Gov. Tate Reeves on signing bill to replace state flag with Confederate battle emblem
Mississippi Governor Tate Reeves tells ‘The Daily Briefing’ he’s focused on ensuring Mississippians are ‘proud to move the state into the future.’
The Satanic Temple reportedly plans to sue Mississippi if the state adds the words “In God We Trust” to its new flag.
The group wrote in a letter to Mississippi Attorney General Lynn Fitch that if the state “is going to place a religious phrase on its flag, it should include reference to Satan," The Hill reported.
It said it regards "In God We Trust" as an “exclusionary religious phrase.”
The organization commended Gov. Tate Reeves for signing legislation in late June to remove the Confederate battle emblem from the flag but added that removing “one divisive symbol of exclusion only to replace it with a divisive phrase of exclusion does not eliminate exclusion, but rather moves it from one group to a collection of others.”
Under the legislation Reeves signed June 30, the new state flag’s design cannot have any Confederate imagery and must include the phrase “In God We Trust.”
Mississippi lawmakers fast-tracked the legislation to change the flag amid racial equality protests that have sparked across the U.S. in the wake of the May 25 death of George Floyd in police custody in Minneapolis.
Voters in Mississippi will be asked to decide on the new state flag design on the November ballot.
The recently retired Mississippi state flag flies outside the Statehouse in Jackson, June 25, 2020. (Associated Press)

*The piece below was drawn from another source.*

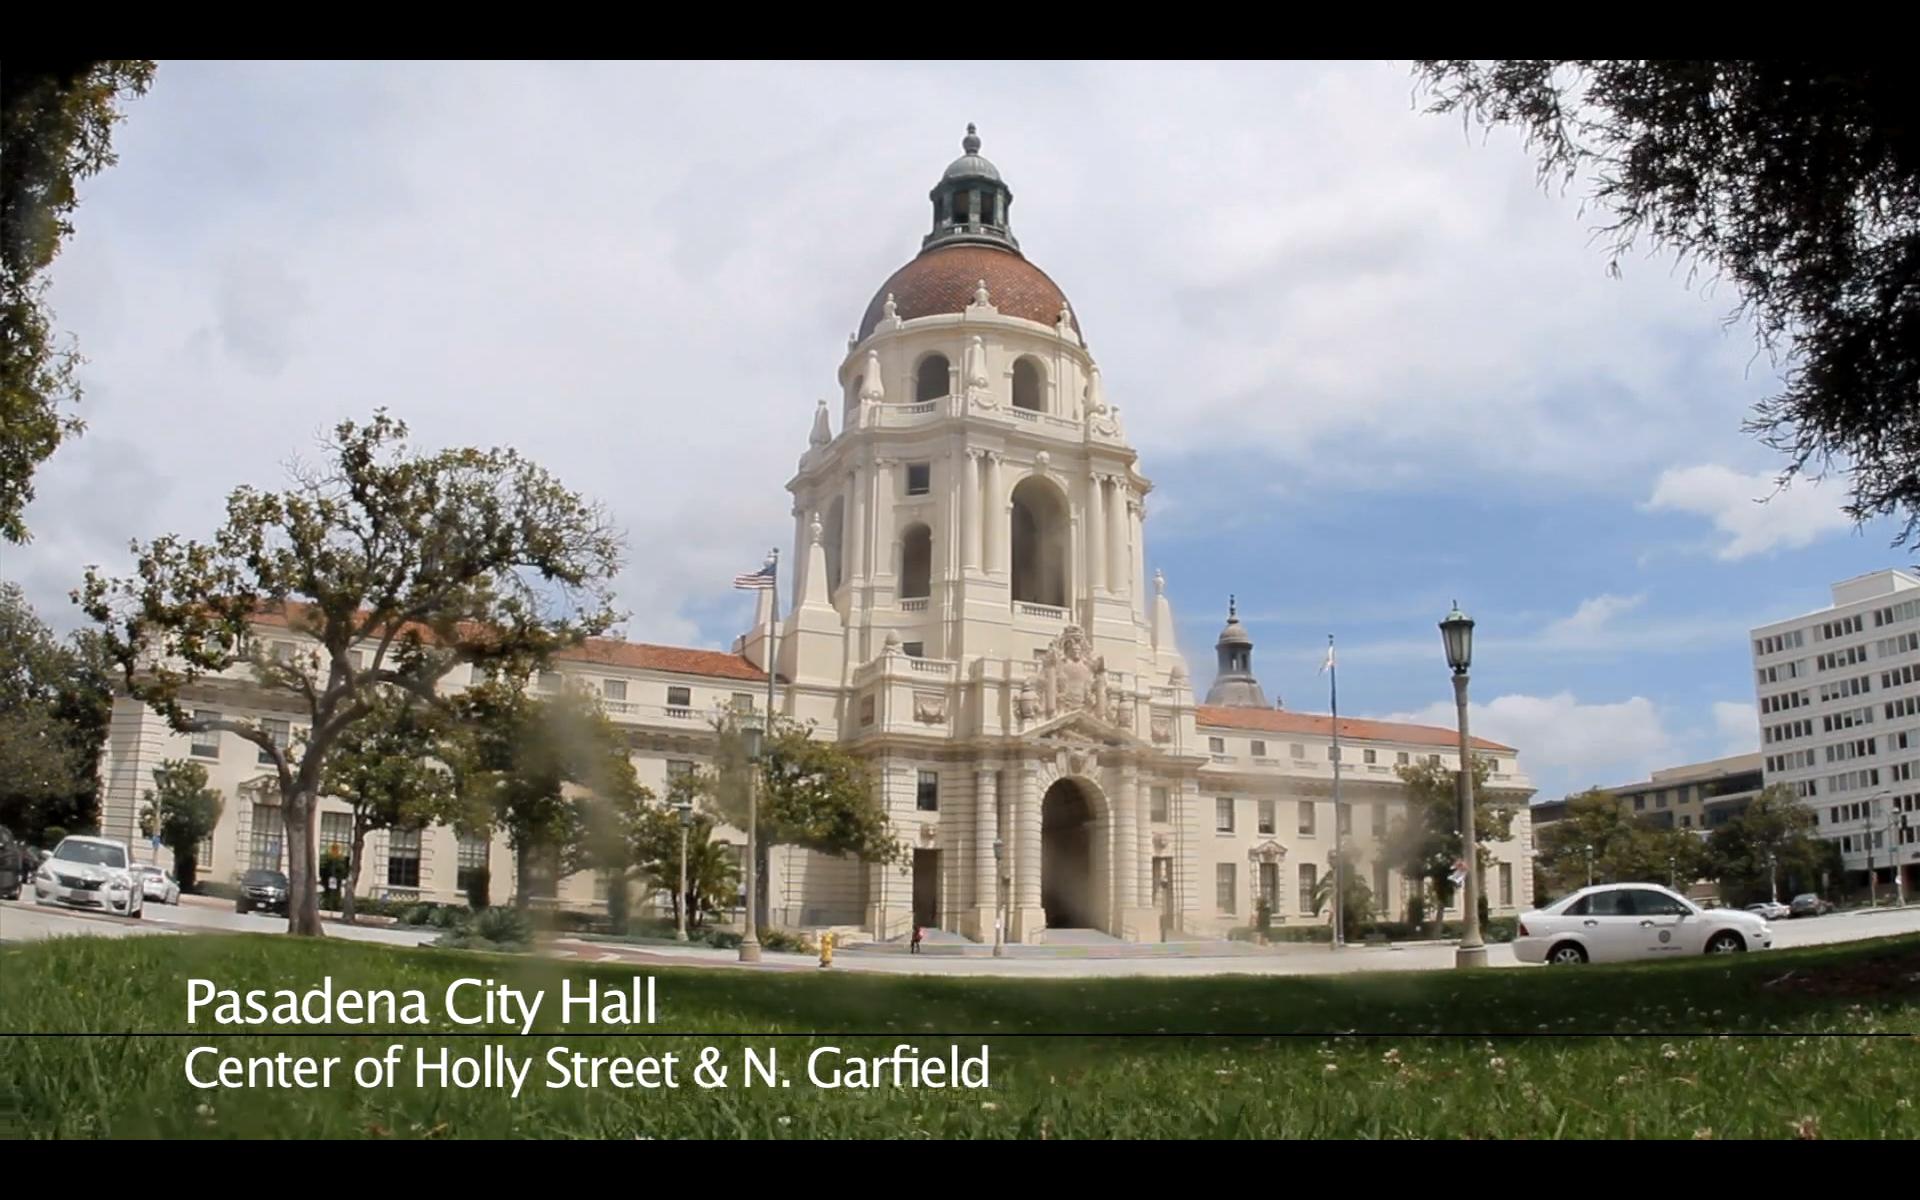 Pasadena Civic Center and City Hall

"We can imagine that there would be some Mississippians who would be a bit put off by the words ‘In Satan We Trust’ on the state flag,” the Satanic Temple wrote in its letter. “If you can imagine that, then you might imagine how atheists, Satanists, and other people of nontheistic faiths could feel excluded by the addition of ‘In God We Trust’ to the state flag."
“In God We Trust” first appeared on U.S. money in 1864 and became the national motto in 1956.
The group said it realizes the Supreme Court previously ruled that having the motto on U.S. currency doesn't violate the First Amendment but believes this case is "distinguishable," according to The Hill.
The Satanic Temple, created in 2013, has been involved in other First Amendment lawsuits.
The group says on its website it does not actually worship Satan but believes in compassion, science and common sense.